This code mainly shows how we annotate a dialogue from AMI and SAMSum using DialoGPT.
conda create -n tfs python=3.7
pip install -r requirements.txt
Firstly, run the following command, you will get a dir loss/samsum/bpe or loss/ami/bpe that stores three files: train_loss.json, valid_loss.json and test_loss.json.
- For SAMSum:
python get_loss.py -d samsum
- For AMI:
python get_loss.py -d ami
Secondly, we recover word-level loss, you will get a dir loss/samsum/word or loss/ami/word
Note that DialoGPT uses BPE to tokenize texts, thus, losses are calculated at the sub-word level.
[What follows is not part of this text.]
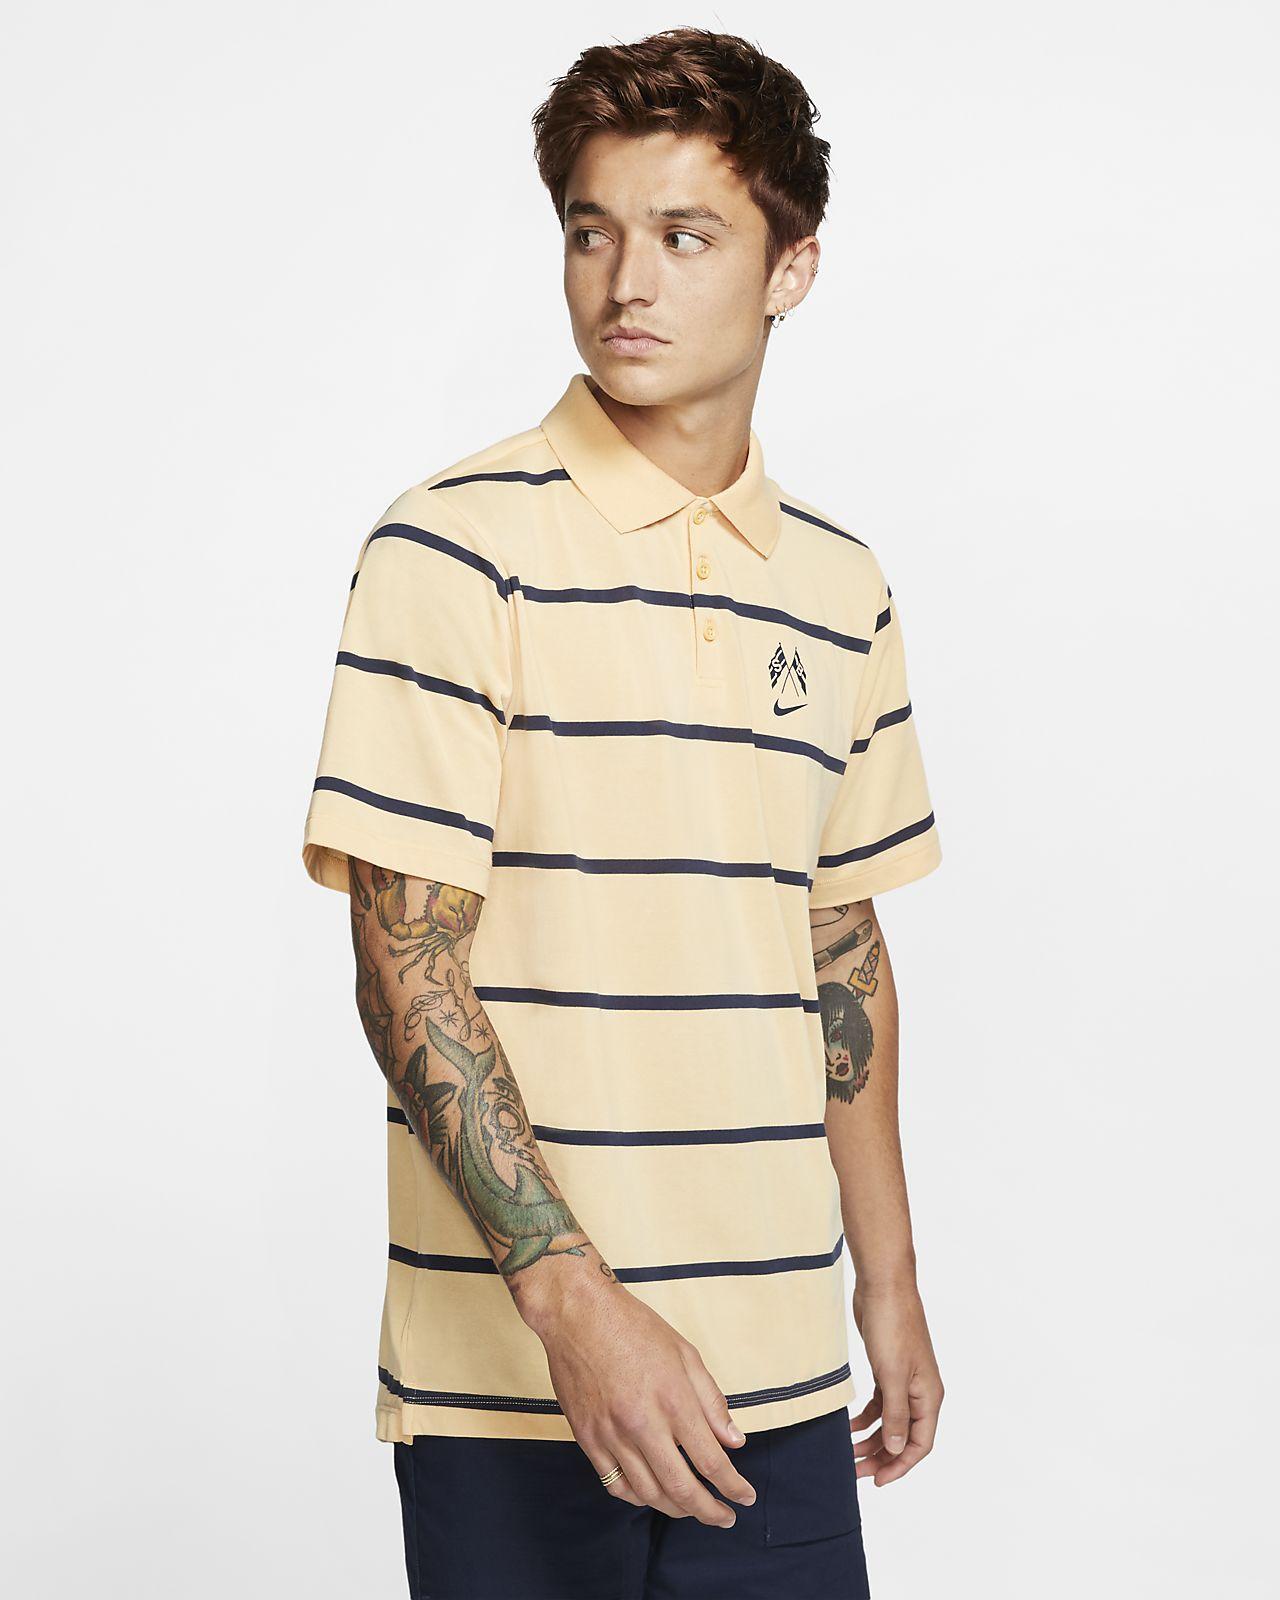 Ανδρική μπλούζα πόλο για skateboarding Nike SB Dri-FIT

We recover the word-level predicted loss by averaging the losses of multiple sub-words.
- For SAMSum:
python recover_word_loss.py -d samsum
- For AMI:
python recover_word_loss.py -d ami
Run following commands, you will get a dir rep/samsum or rep/ami that stores three files: train_rep.json, valid_rep.json and test_rep.json.
- For SAMSum:
python get_representation_samsum.py
- For AMI:
python get_representation_ami.py
Run following commands, you will get a dir rep/samsum/sim or rep/samsum/sim that stores three files: train_sim.json, valid_sim.json and test_sim.json.
- For SAMSum:
python cosine_sim.py -d samsum
- For AMI:
python cosine_sim.py -d ami
Run following commands, you will get a dir data/samsum/final or data/ami/final that stores final output files.
- For SAMSum:
python annotate.py -d samsum
- For AMI:
python annotate.py -d ami